DATASET SECTION:

%%

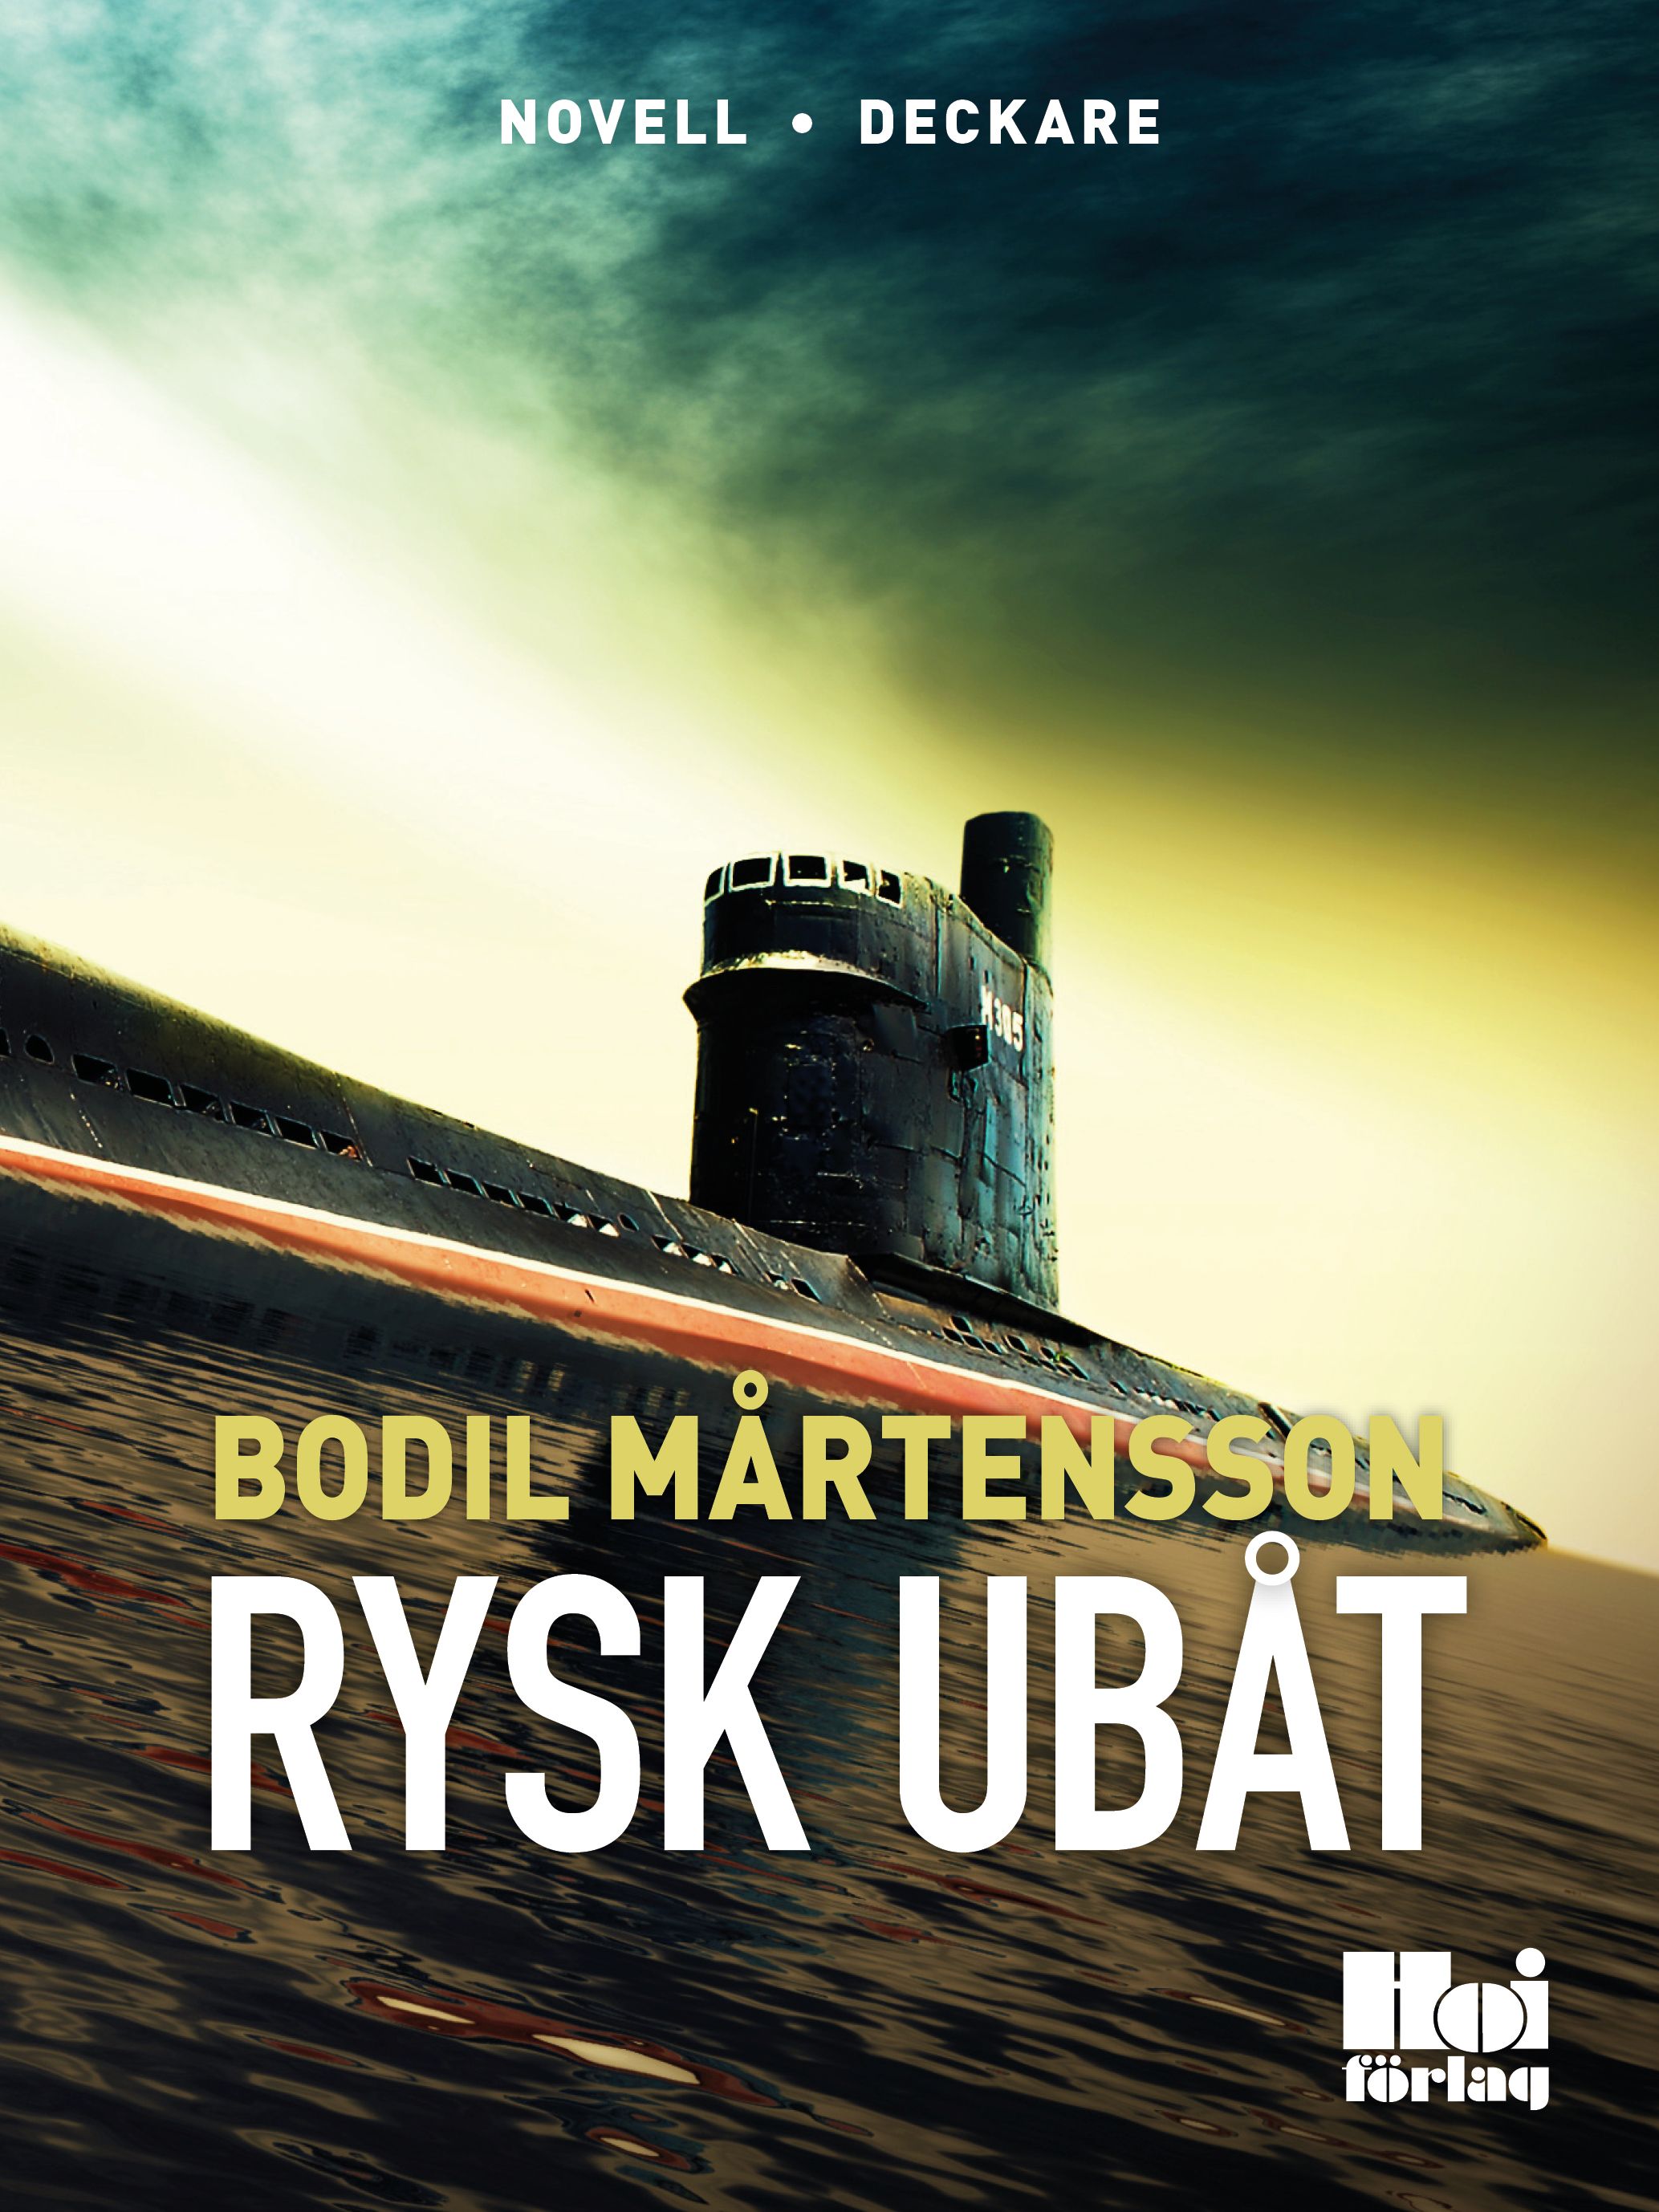 Rysk ubåt, e-bok av Bodil Mårtensson
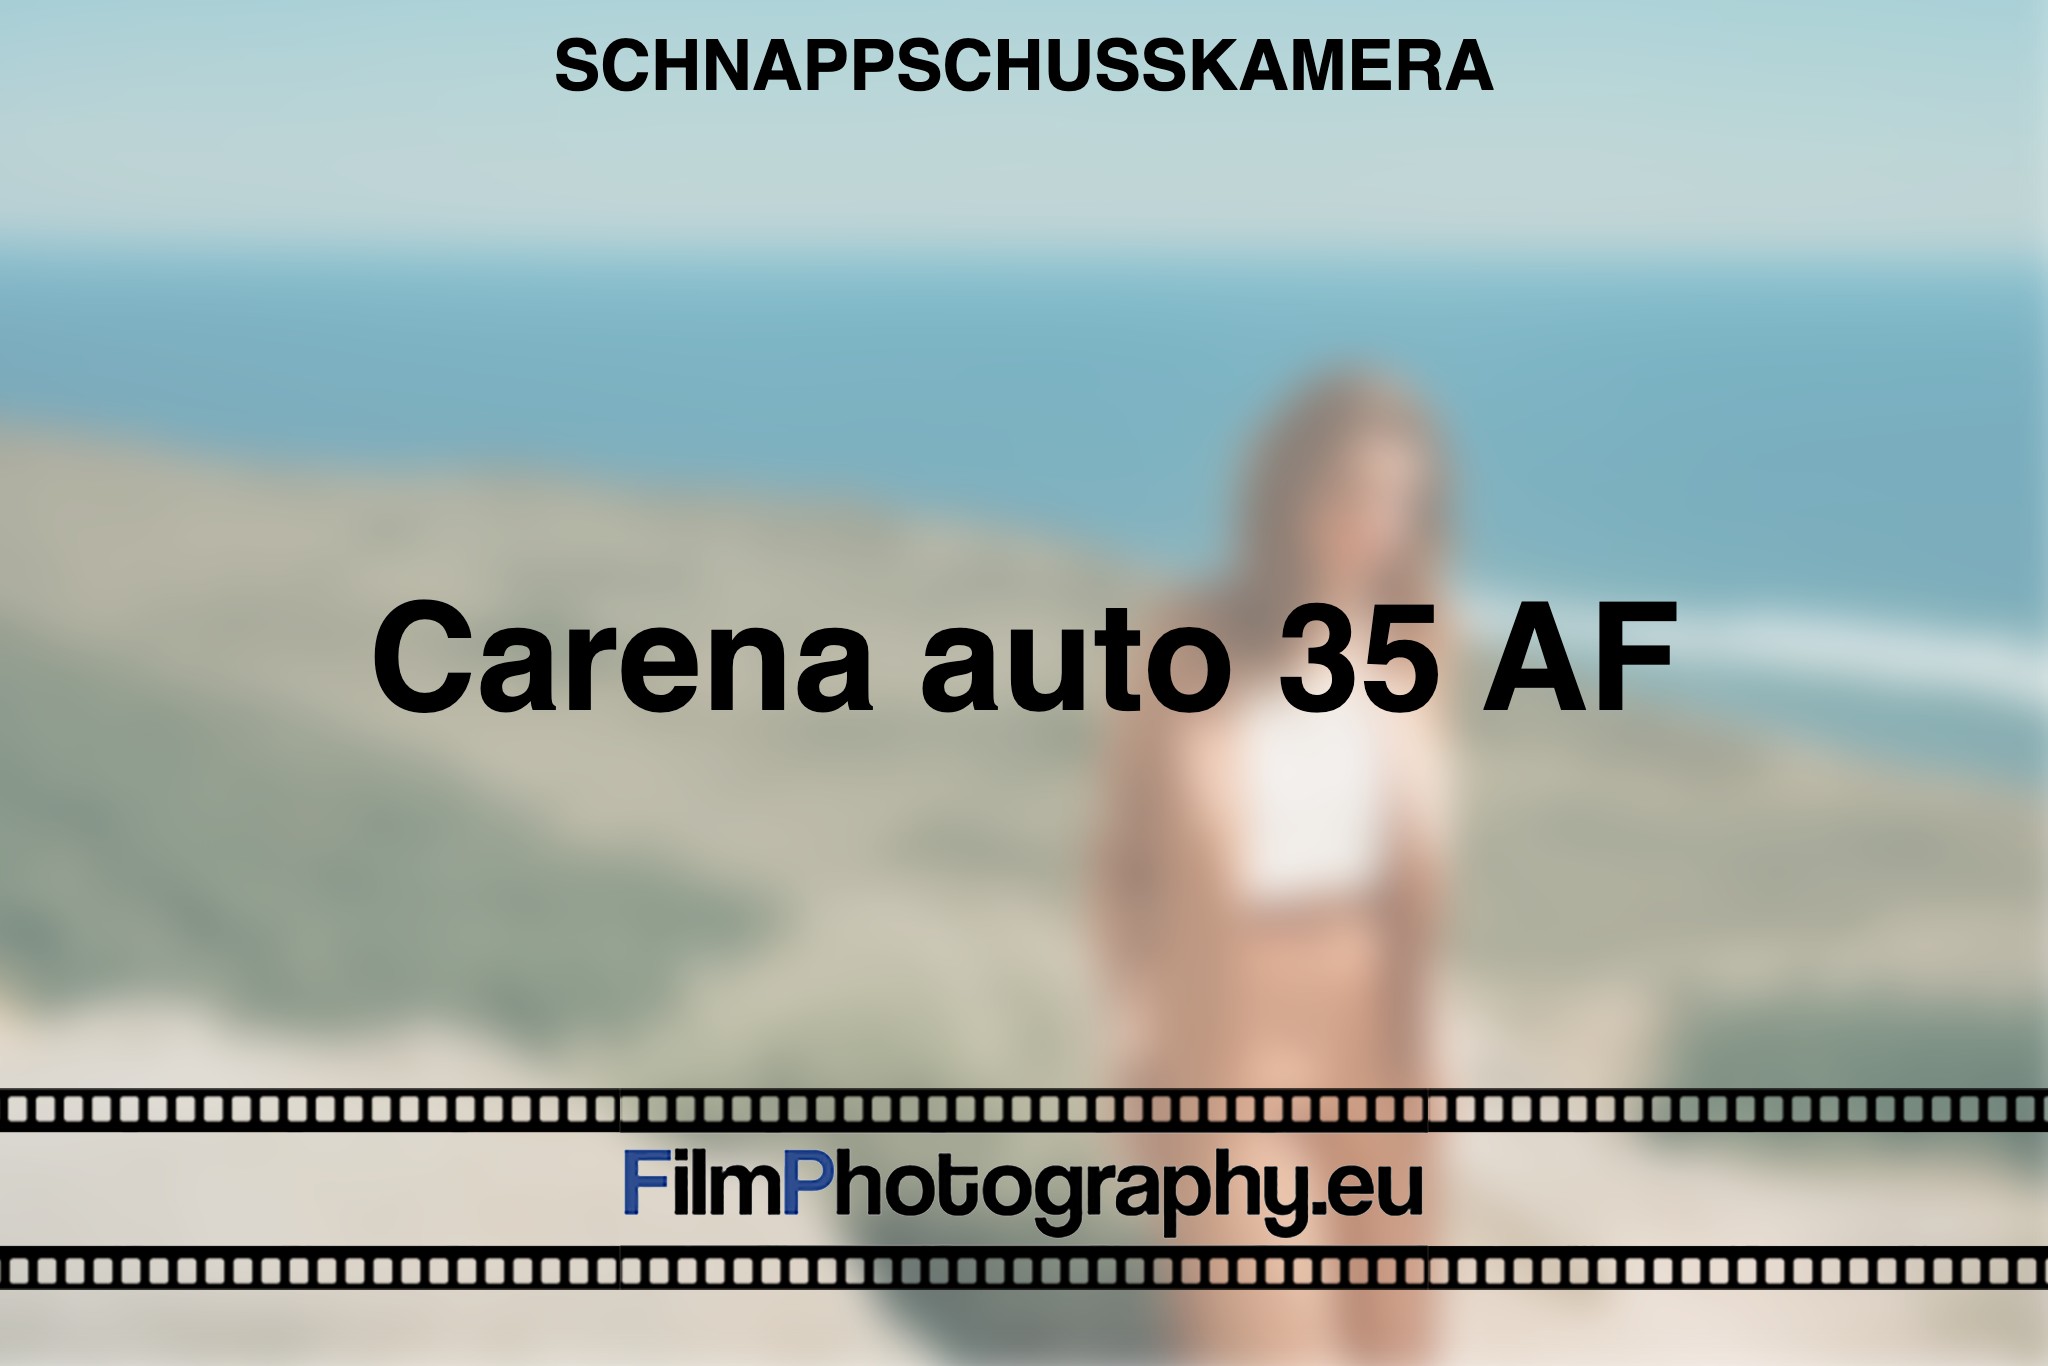 carena-auto-35-af-schnappschusskamera-bnv
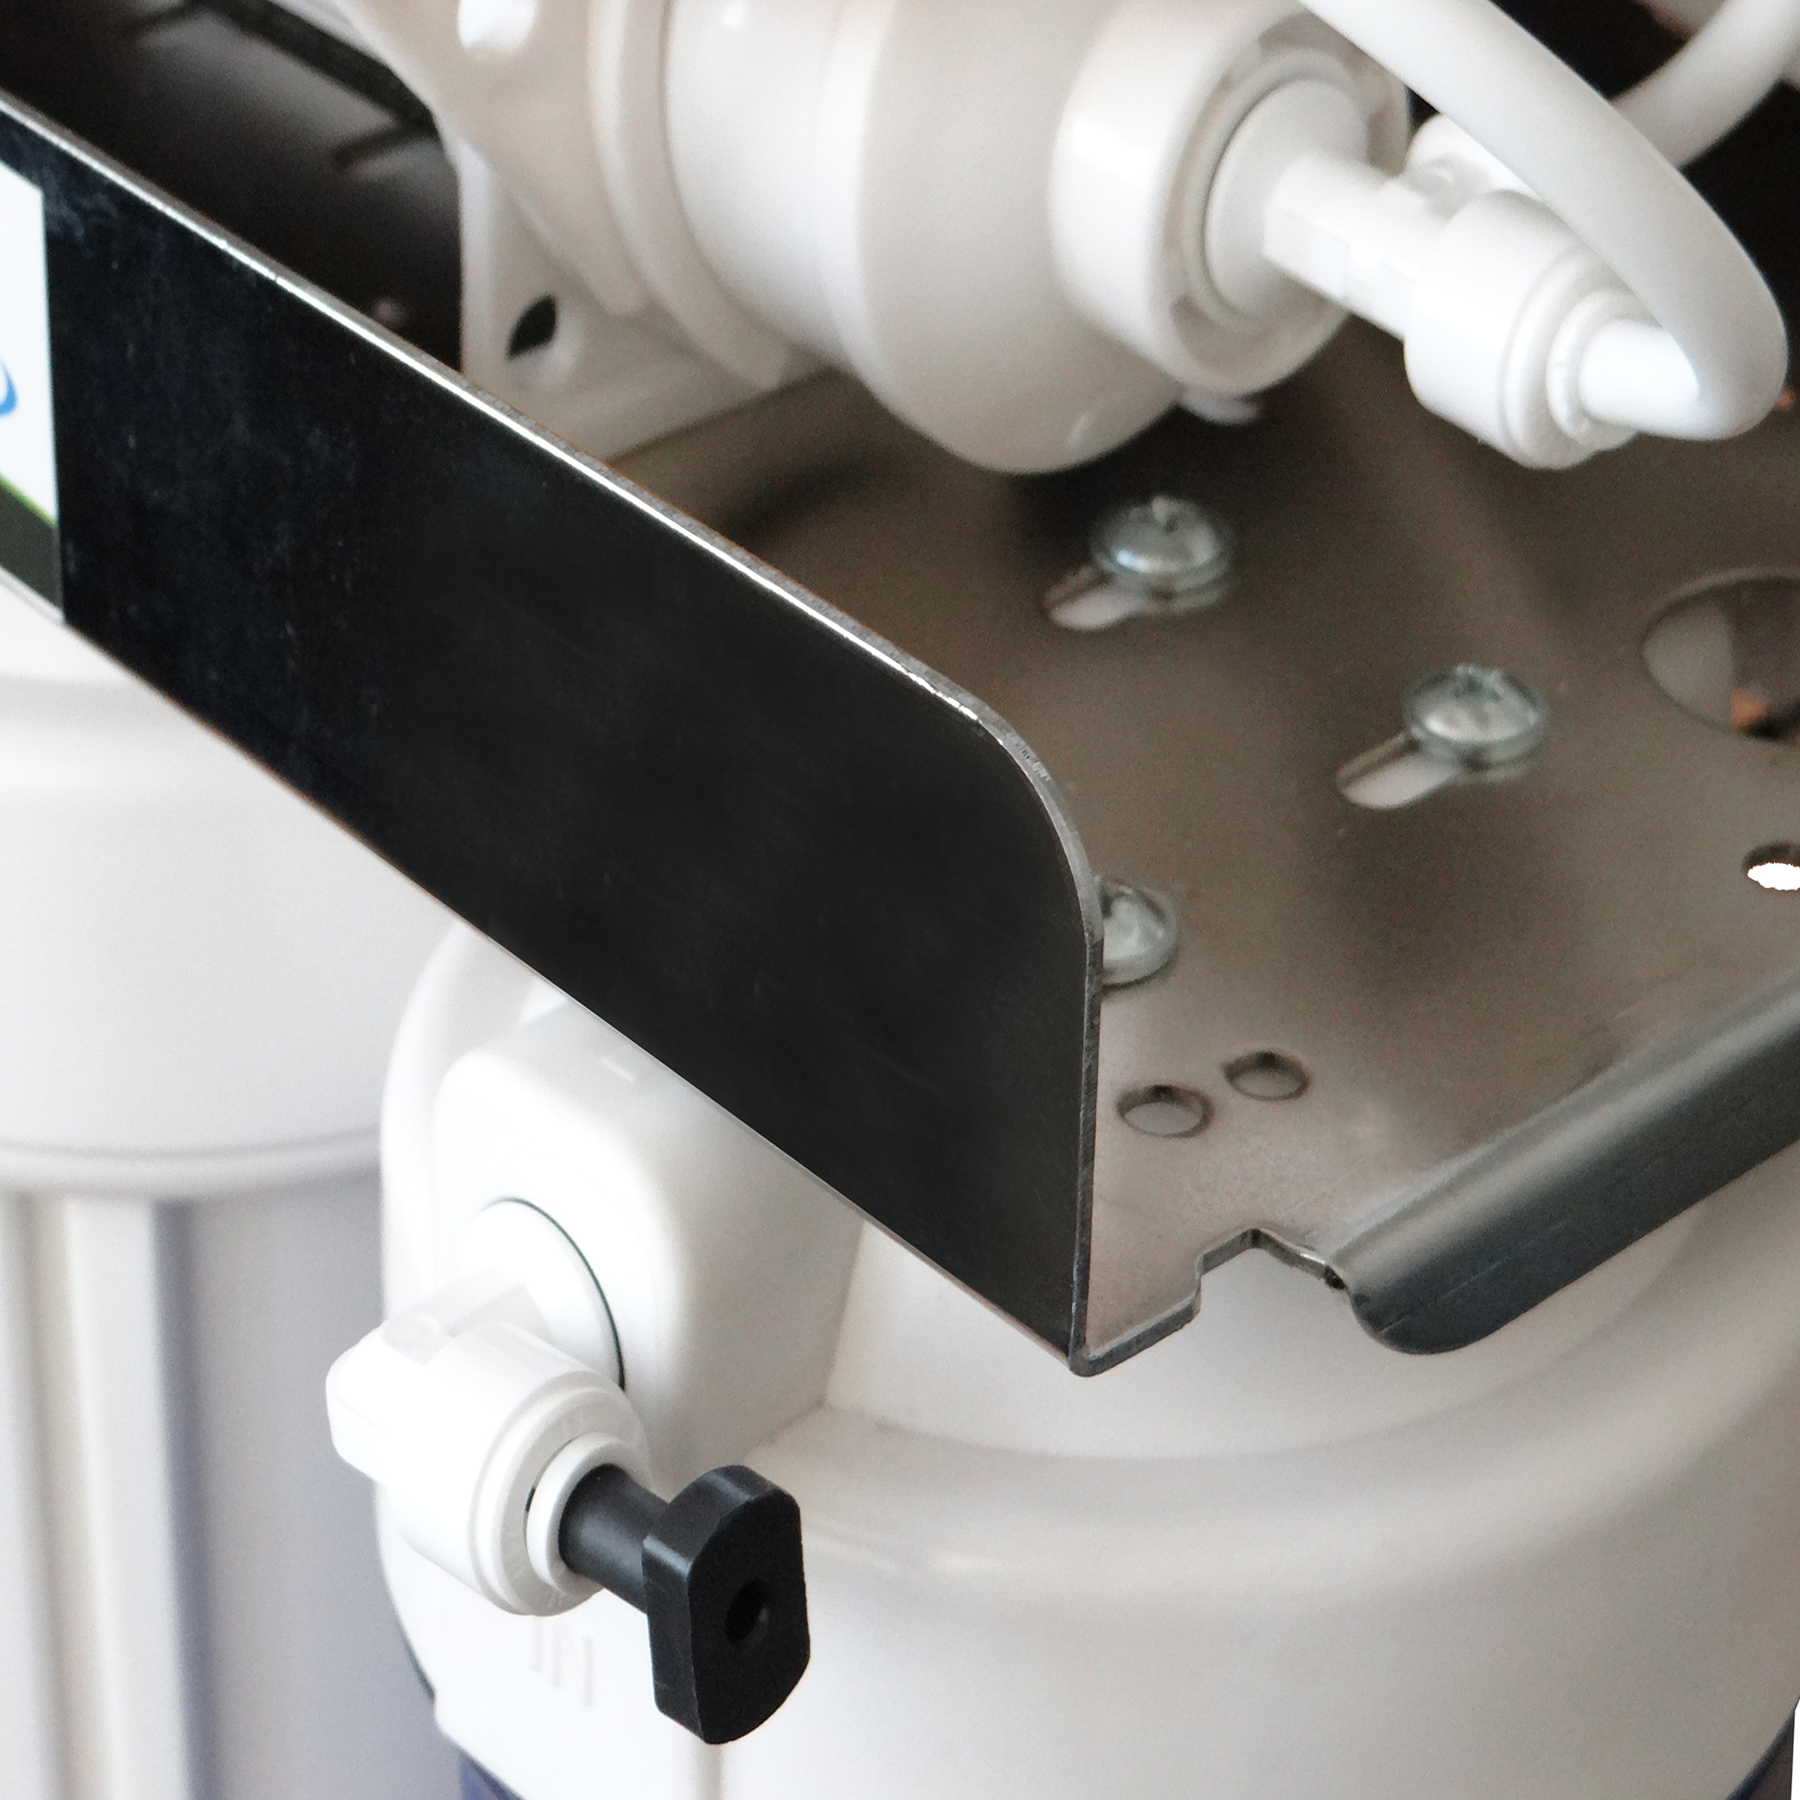 دستگاه تصفیه کننده آب آکوآ اسپرینگ مدل CHROME-FSR9 به همراه فیلتر مجموعه 4 عددی

%%

WORK TASK:
Line by line and exactly, write out the material above. Skip the pictures.

RESPONSE TO THE EXERCISE:
 Rysk ubåt, e-bok av Bodil Mårtensson
 carena-auto-35-af-schnappschusskamera-bnv
 دستگاه تصفیه کننده آب آکوآ اسپرینگ مدل CHROME-FSR9 به همراه فیلتر مجموعه 4 عددی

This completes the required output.